I have a great family. Their prayers and their love are one of the biggest things I can tell you. When these people pray for me, and when you think positive, wonderful, prayerful thoughts for a person, they all go up to God. It doesn’t have to be to your God, you can be any religion you want to be, but God takes those prayers, those little flickers from all over, and He makes a spotlight of love that’s being shared with Him for us and shines it back down on you. It gives you strength to get through the problem time. When I got cancer, the prayers started coming, and I felt that spotlight of love. I understood for the first time what it really was. I call it walking in the light of love.
After the bone marrow transplant, I was assured that a recurrence of any type of leukemia or lymphoma would not ever be a problem once the bone marrow took back. Fortunately, I was able to give myself my own marrow and didn’t have to go through the graft vs. host problems. But I was very surprised that I got cancer for a second time. I don’t feel that I’ll have to deal with it again. But if I do, another lesson I learned is, no matter what you’re told, you have to get up the next morning. You can’t sit at the end of your path and look and say, “I wonder what’s gonna happen when I go around that corner.” Nothing’s gonna happen when you’re standing at the end of the path. You’ve got to walk the path, and then you find out what happens.

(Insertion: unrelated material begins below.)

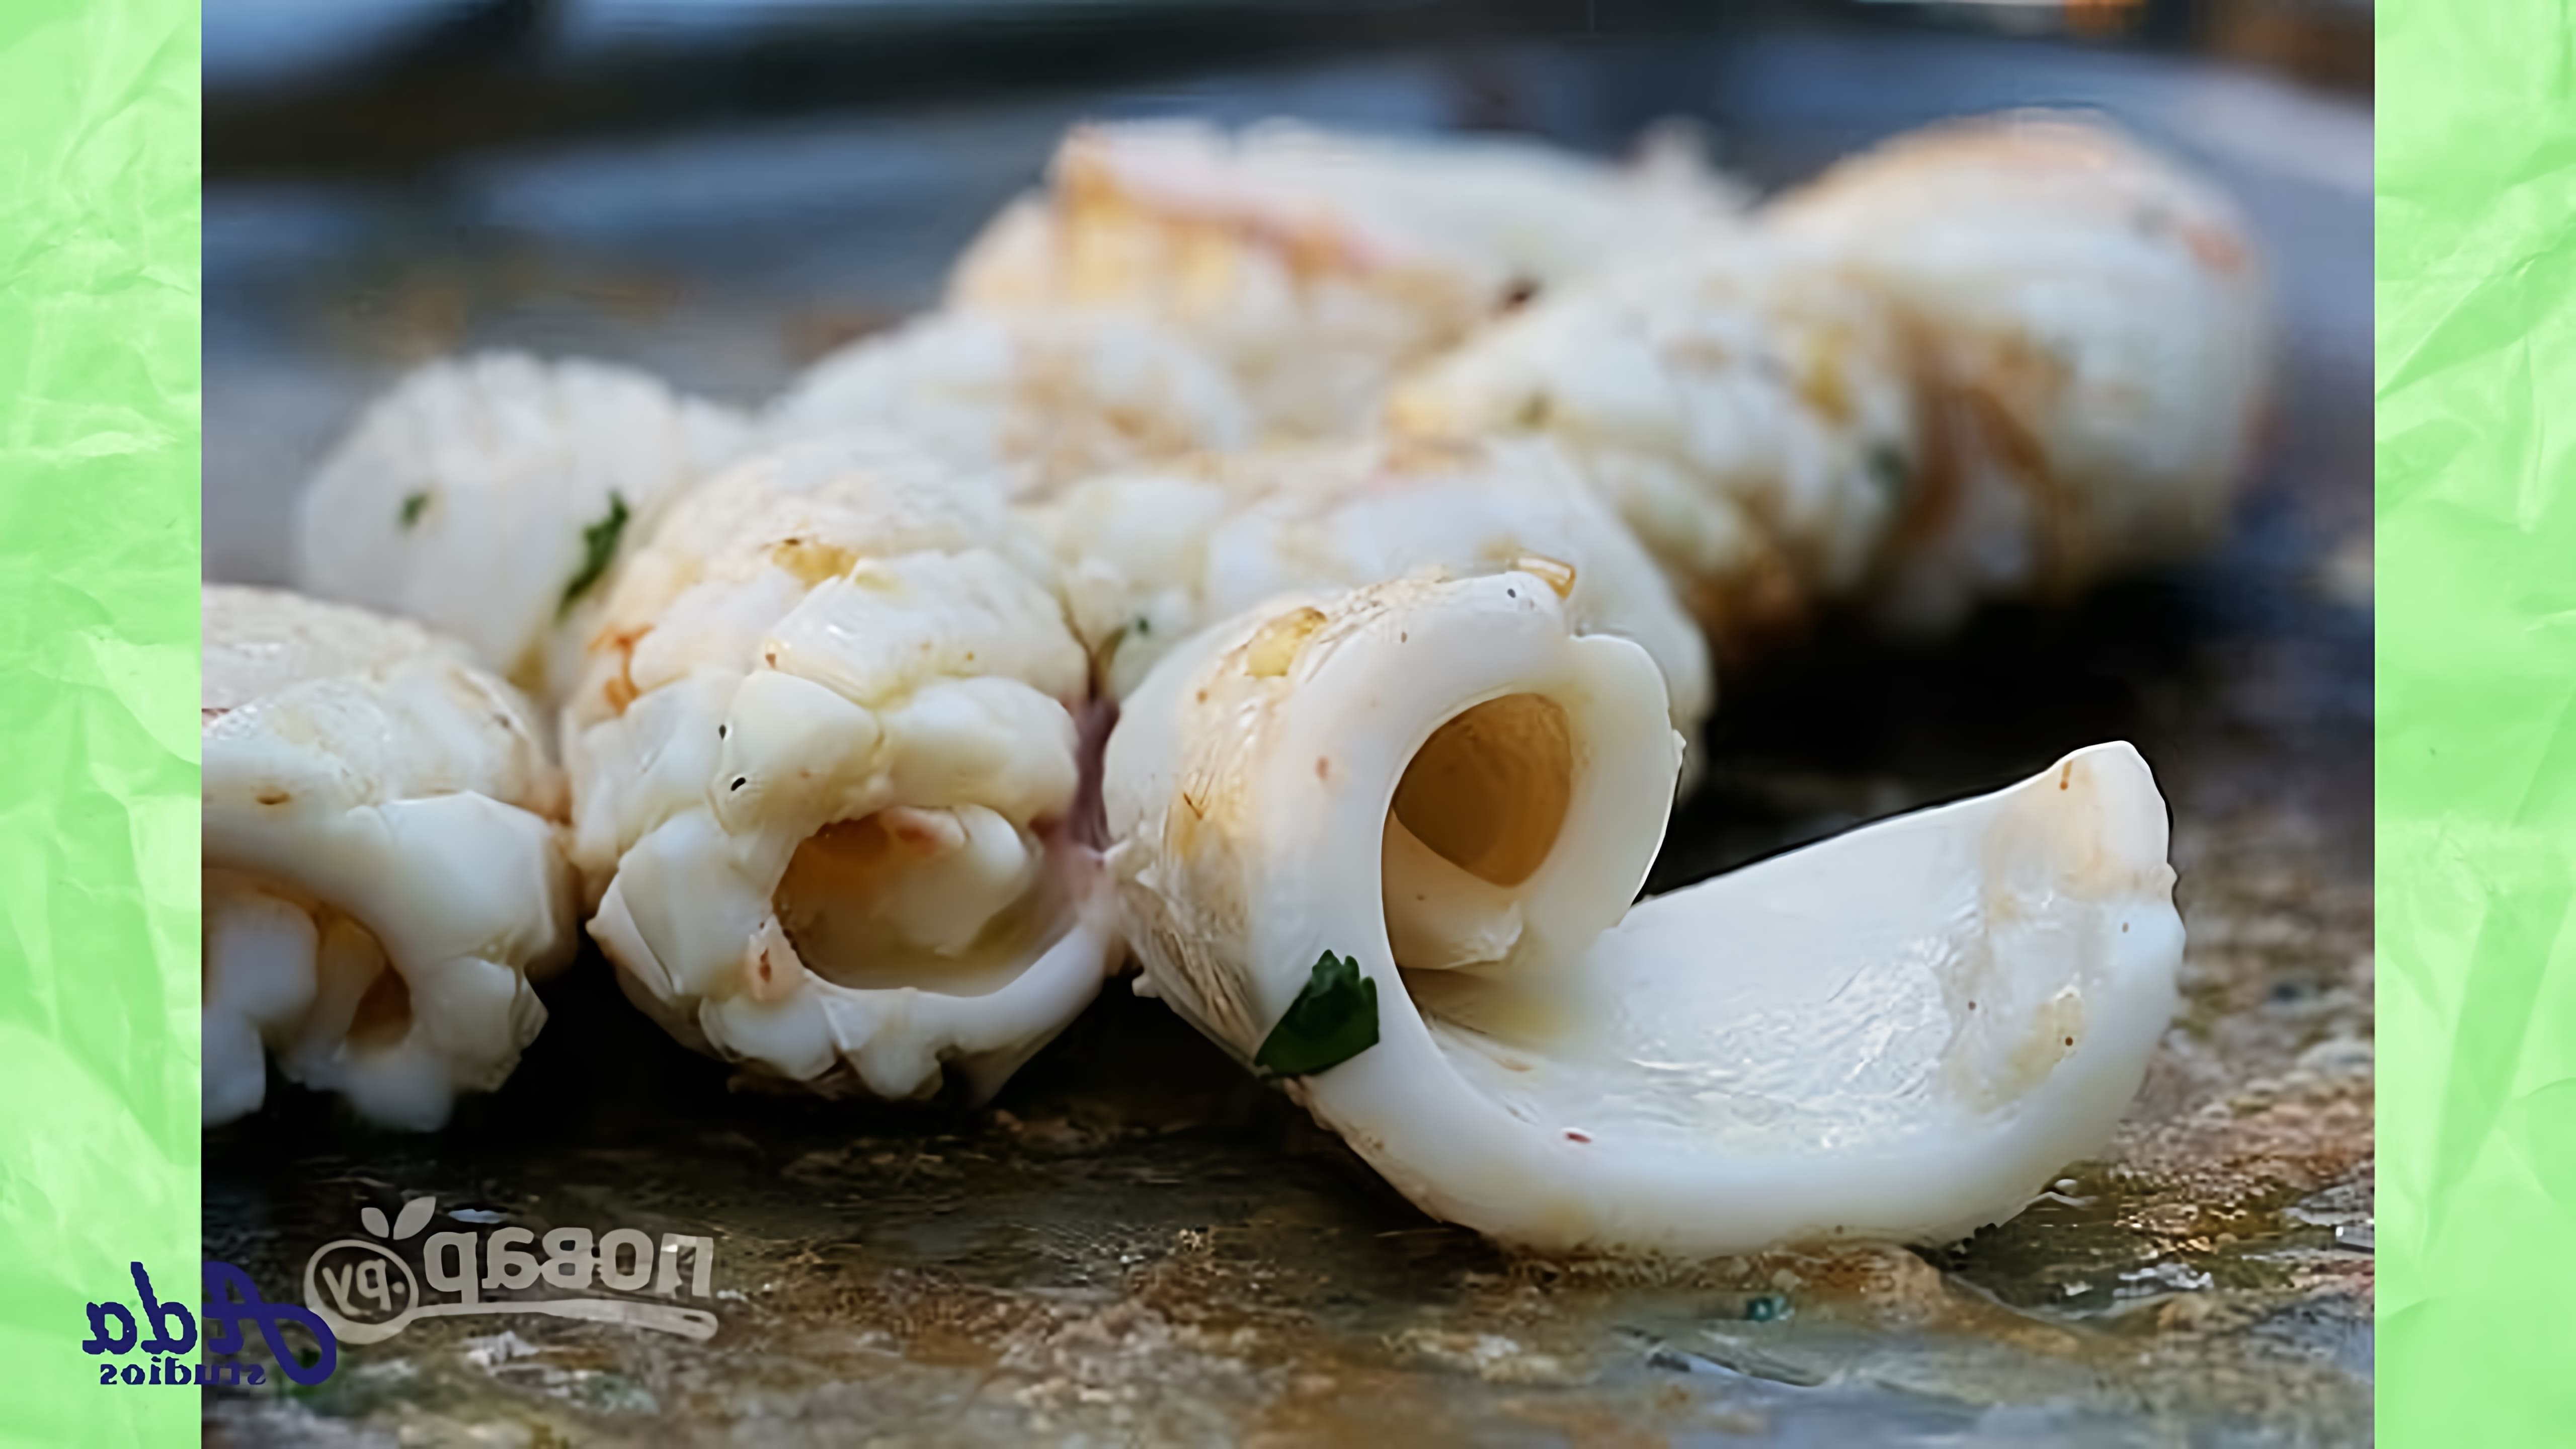 В этом видео демонстрируется рецепт приготовления филе кальмара в духовке
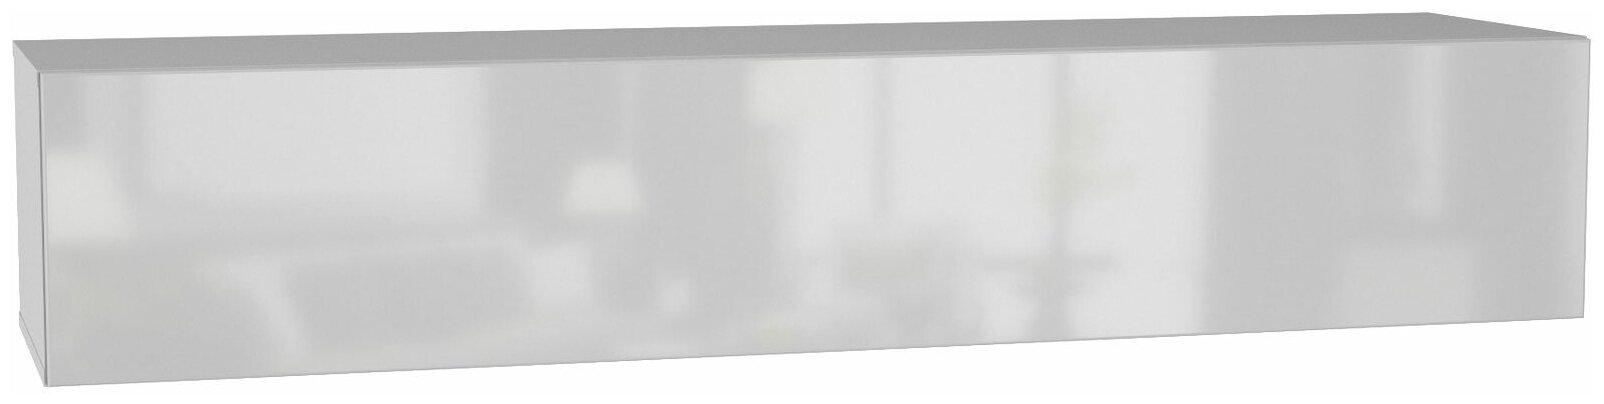 ТВ-тумба Первый Мебельный Поинт Белый / Белый глянец 1600 мм

My wife Glenda and I have had an exceptional sex life for many years. I met her in 1977, and we’ve been together about 25 years now. After the bone marrow transplant, we didn’t have any problems with our sexual life, but after I was diagnosed with the prostate cancer we started having the impotence. I still don’t understand it. Viagra didn’t help me. Because we have such a solid relationship, we’ve been able to deal without it for the time being, but we feel like there will be a time here in the near future when it comes back, and we’re able to enjoy it again. But we still cuddle. We still hug. We kiss. We laugh. We do those types of things that help in some way, but I just am not able to get an erection. But, you know, there are ways that you can please each other without actually having to go through complete intercourse. So we use some of those alternative methods.
Survivorship means a chance for life. I’m proud to be a survivor, to have been able to go through what I’ve gone through. And as I have been looking here recently at my life, I’ve accomplished a number of things that I wouldn’t have probably even tried if I hadn’t gone through the cancer. Like, I spoke before the President’s Cancer Panel. I also spoke before Secretary Brown, at the time of the Veterans Affairs system, about bone marrow transplants. Shortly after one of my presentations to him, they added another bone marrow transplant unit for people in the east, because all they had was one in Texas and one in the West Coast. So I don’t know whether I did anything, but I had input. I’ve been blessed. I really have.
My name is Jerry Johnson, and I’m a 14-year cancer survivor.